湗The lady folk is a doer: Women and the Civil Rights Movement in Claiborne County, Mississippi, in Mississippi Women: Their Histories, Their Lives, vol. 2, ed. by Martha Swain, Elizabeth Payne, and Marjorie Spruill (University of Georgia press, 2010). Slightly revised version of a chapter originally published in: Stepping Forward: Black Women in Africa and the Americas.
淲hite Privilege, Black Burden: Lost Opportunities and Deceptive Narratives in School Desegregation in Claiborne County, Mississippi, Oral History Review, 29, no. 2 (Summer/ Fall 2012): 258-85. (doi:10.1093).
湗God檚 Appointed Savior: Charles Evers檚 Use of Local Movements for National Prestige, in Groundwork: The Local Black Freedom Movement in America, eds. Komozi Woodard and Jeanne Theoharis (New York: New York University press, 2005), 165-92.
湗You Got a Right To Defend Yourself: Self-Defense and the Claiborne County, Mississippi Movement, International Journal of Africana Studies, vol. 9 (no. 1, Spring 2004), 133-63.
湗This nonviolent stuff ain檛 no good. It檒l get ya killed.: Teaching about Self-Defense in the African-American Freedom Struggle, in Teaching the Civil Rights Movement eds. Julie Buckner, Houston Roberson, Rhonda Y. Williams, Susan Holt (New York: Routledge, 2002), 159-73.
More 第一吃瓜网 Me
Research Interests
- African American History
- Civil Rights Movement
- Women’s History
Awards and Honors
- Article Award, Oral History Association, for “White Privilege, Black Burden,” 2013.

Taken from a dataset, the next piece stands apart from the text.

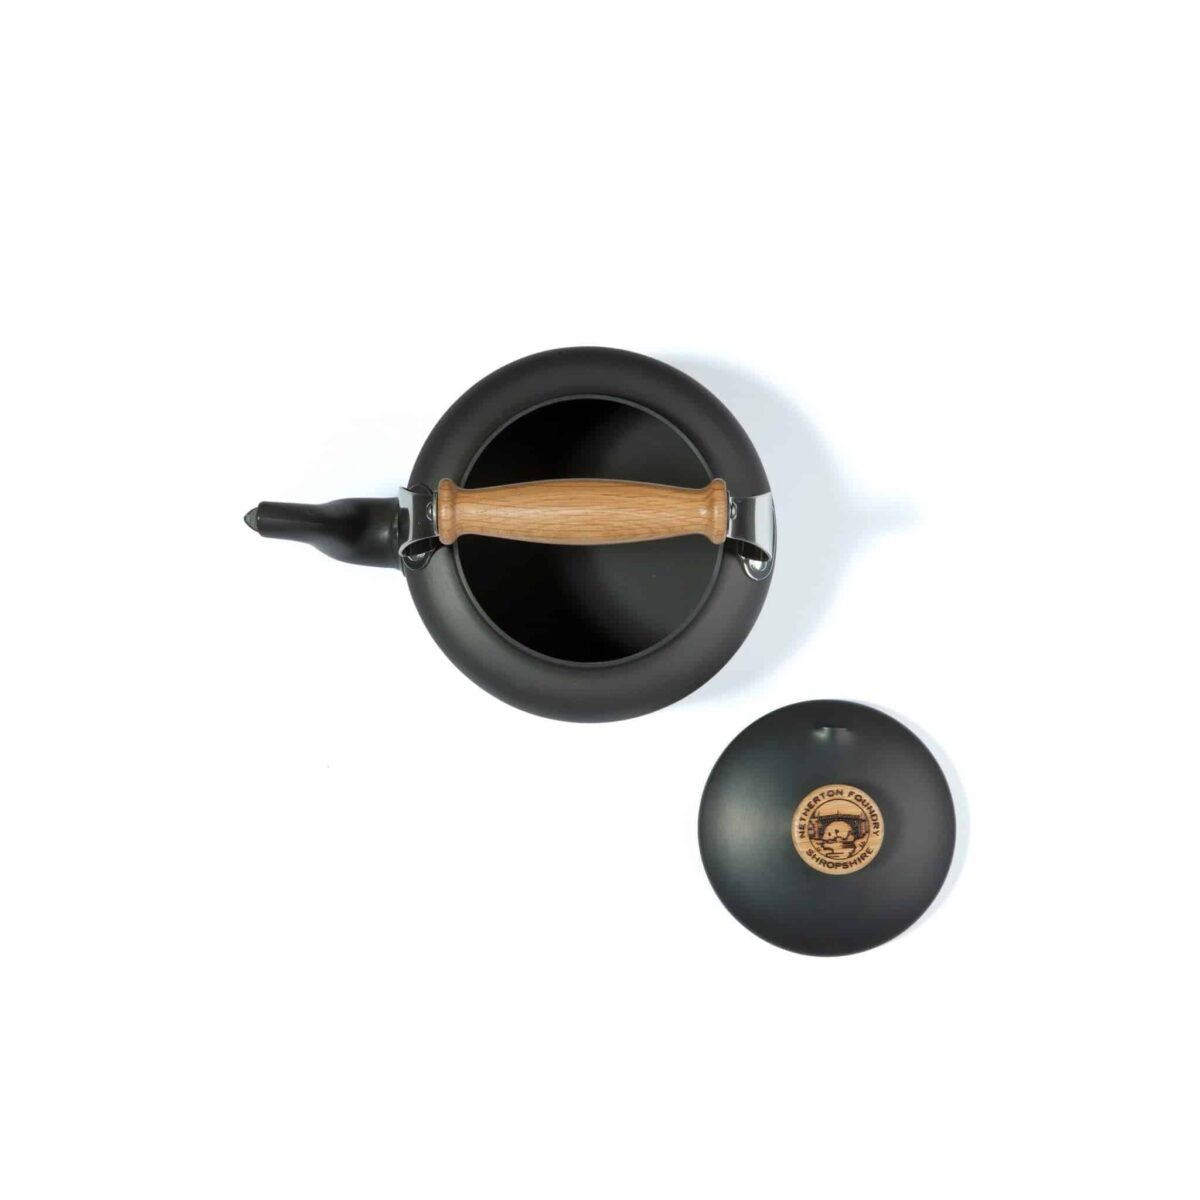 Netherton-kettle-castiron-005

- Chancellor’s Award for Excellence in Faculty Service, 2013.
- President’s Award for Excellence in Research and Creativity, 第一吃瓜网, 2007.
- Liberty Legacy Foundation Award, Honorable Mention, for A Little Taste of Freedom, Organization of American Historians, 2006.
- McLemore Prize, for A Little Taste of Freedom, Mississippi Historical Society book prize, 2006.
- Scoones Faculty Incentive Award, 2003, 2006.
- Spencer Roemer Supported Professor, 2005-2008.
- Harter Mentoring Award, 第一吃瓜网, 2004.
- Chancellor’s Award for Excellence in Teaching, 2002.
- PATH Award, 第一吃瓜网, 1997.
- Franklin Riley Prize, Mississippi Historical Society, 1996.